** Opening Dataset excerpt block **

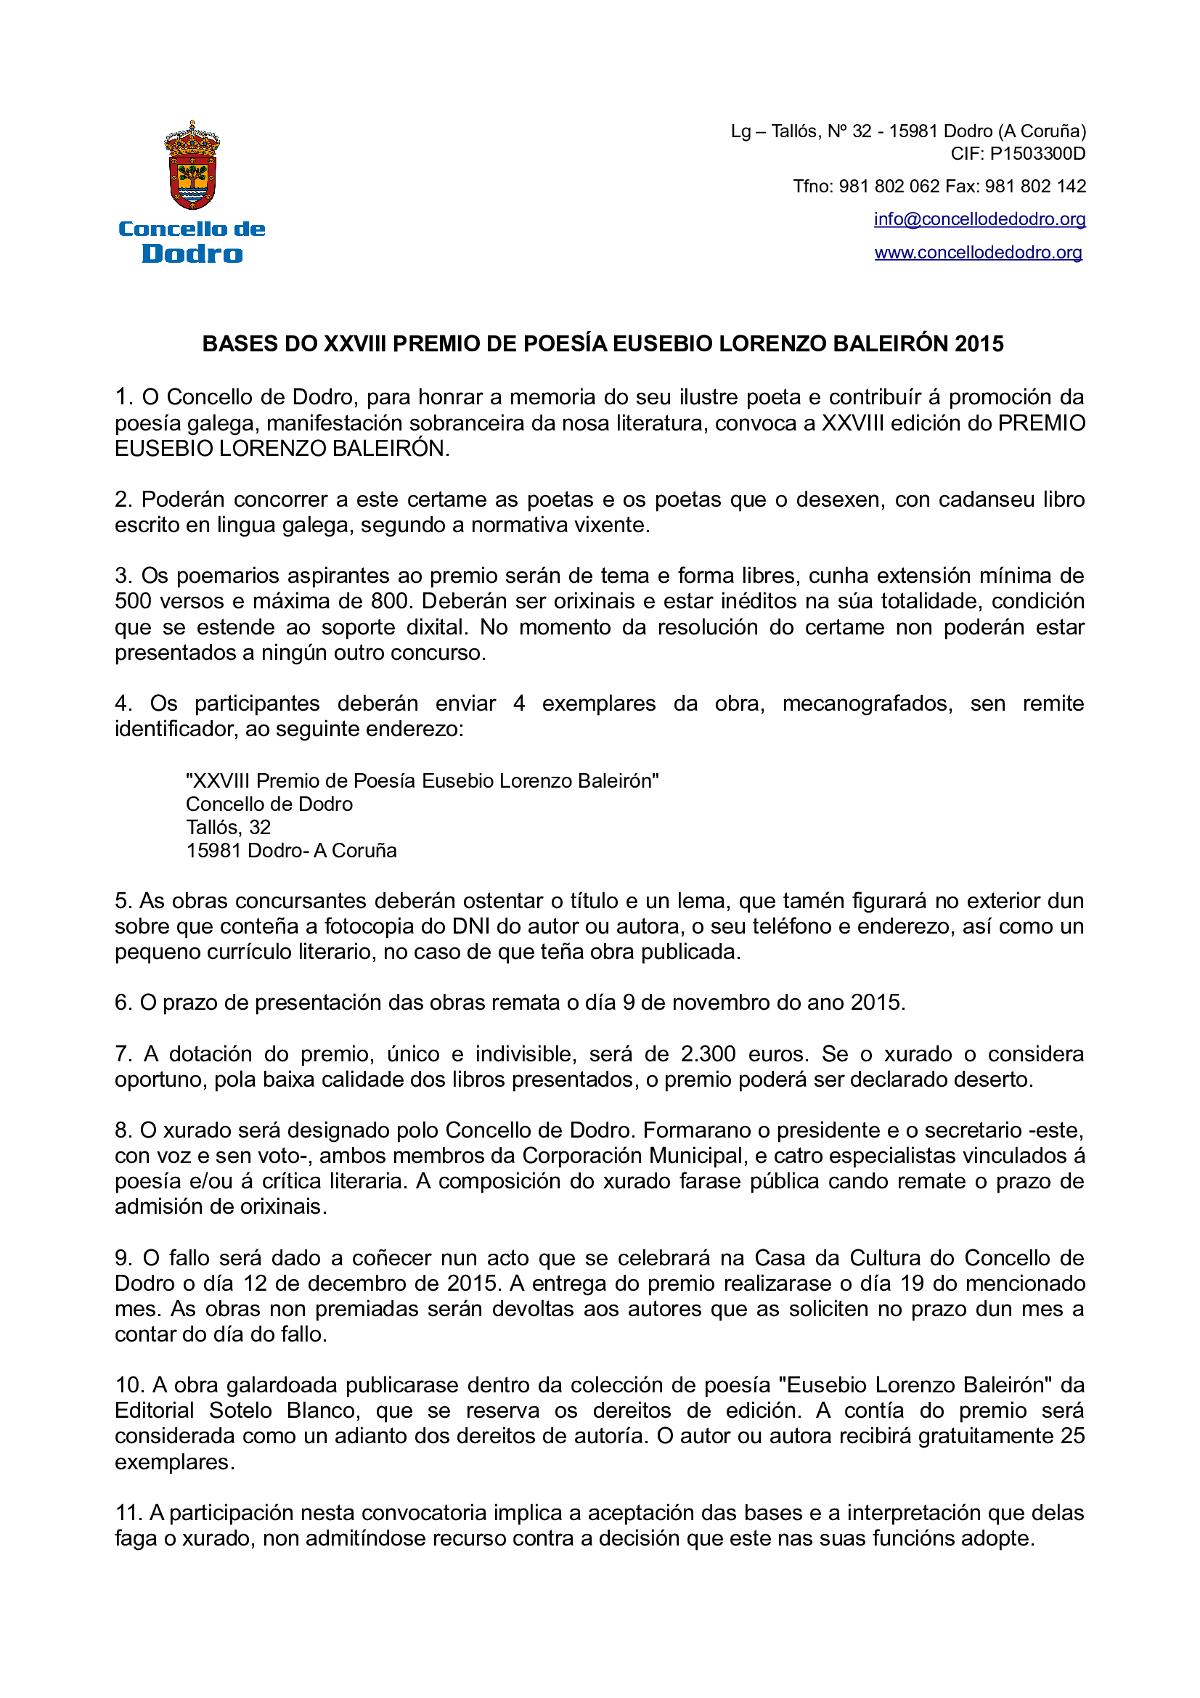 Bases Premio Eusebio Lorenzo Baleirón 2015
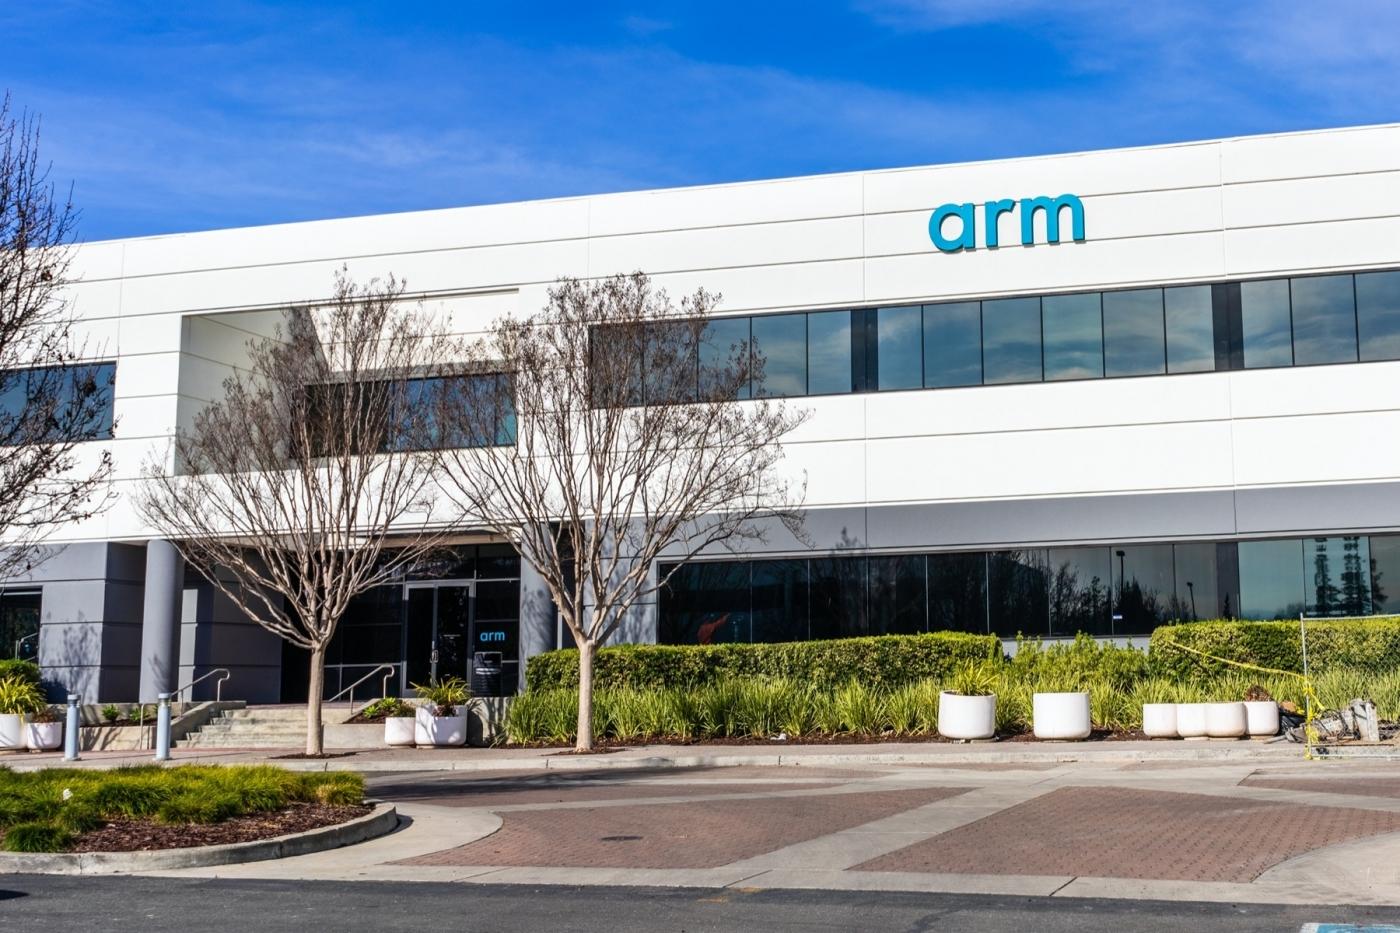 從火雞棚出生的ARM,憑什麼讓賈伯斯和其他大廠都買單,還成半導體史上最大收購?
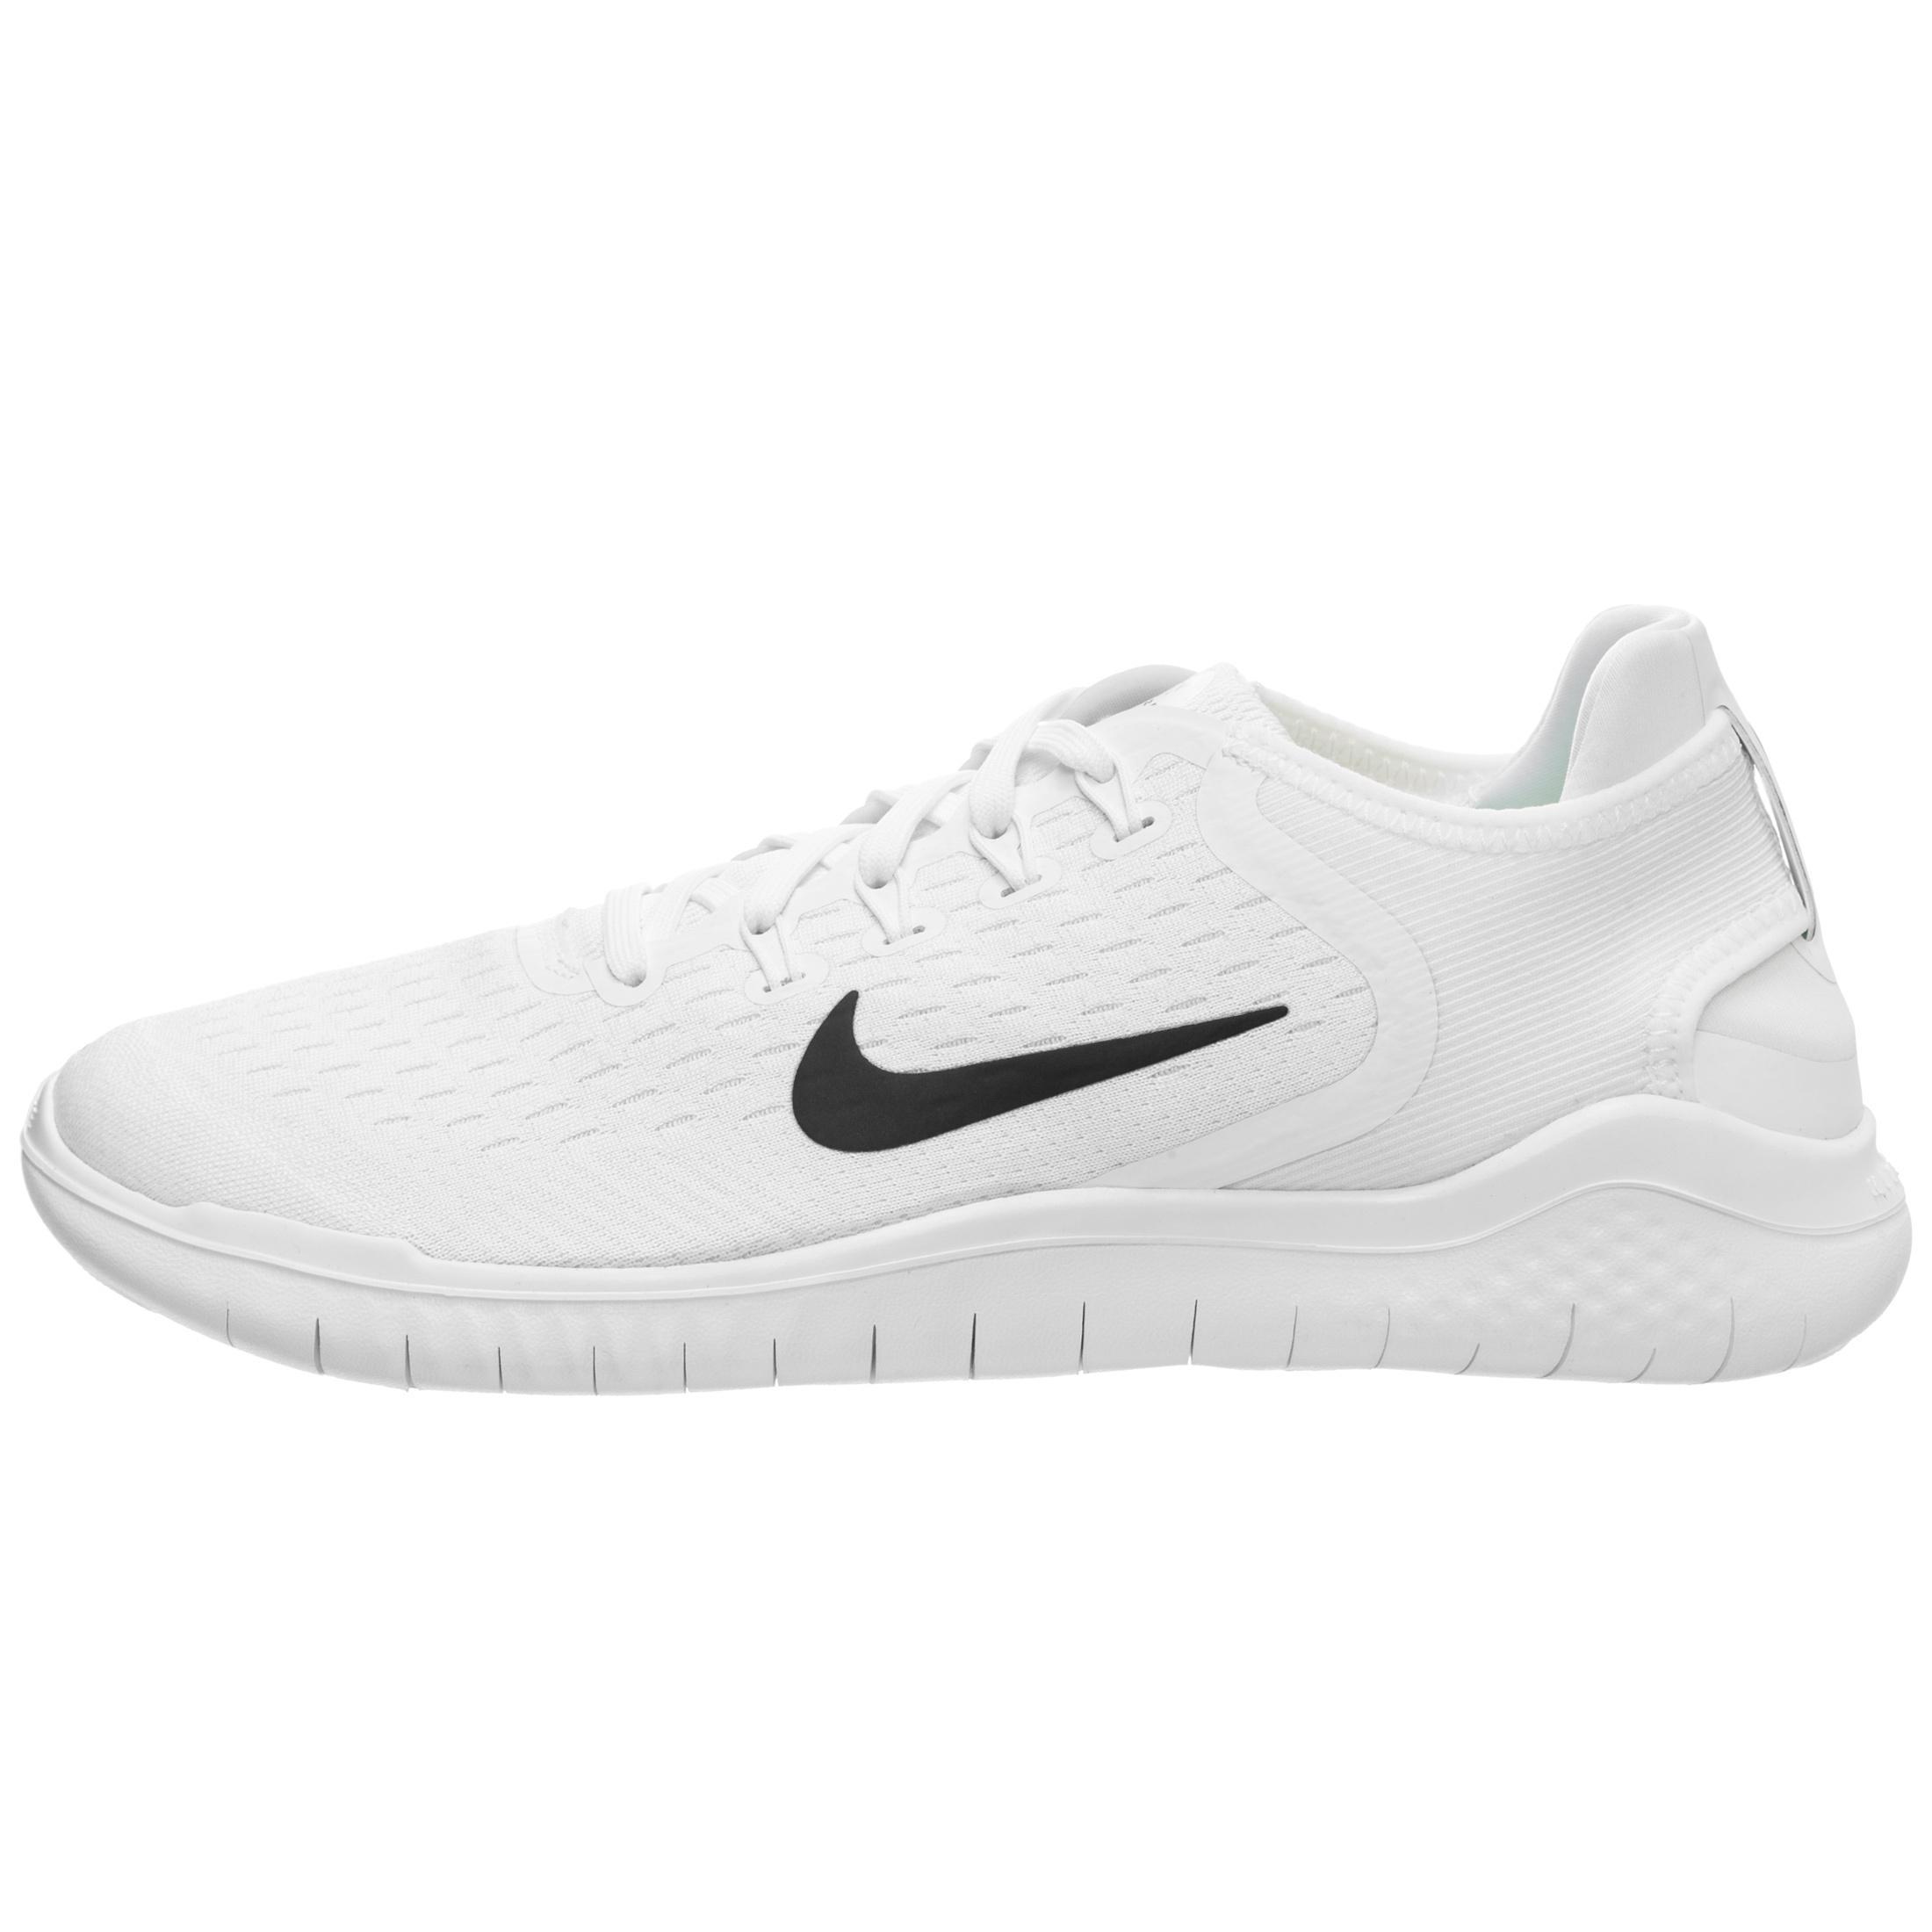 Nike Free RN 2018 Damen Laufschuhe Damen 2018 weiß   schwarz im Online Shop von SportScheck kaufen Gute Qualität beliebte Schuhe a80097

** Closing Dataset excerpt block **

Prompt: Copy the listing above word for word. Do not include the pictures.

Response to the exercise:
 Bases Premio Eusebio Lorenzo Baleirón 2015
 從火雞棚出生的ARM,憑什麼讓賈伯斯和其他大廠都買單,還成半導體史上最大收購?
 Nike Free RN 2018 Damen Laufschuhe Damen 2018 weiß   schwarz im Online Shop von SportScheck kaufen Gute Qualität beliebte Schuhe a80097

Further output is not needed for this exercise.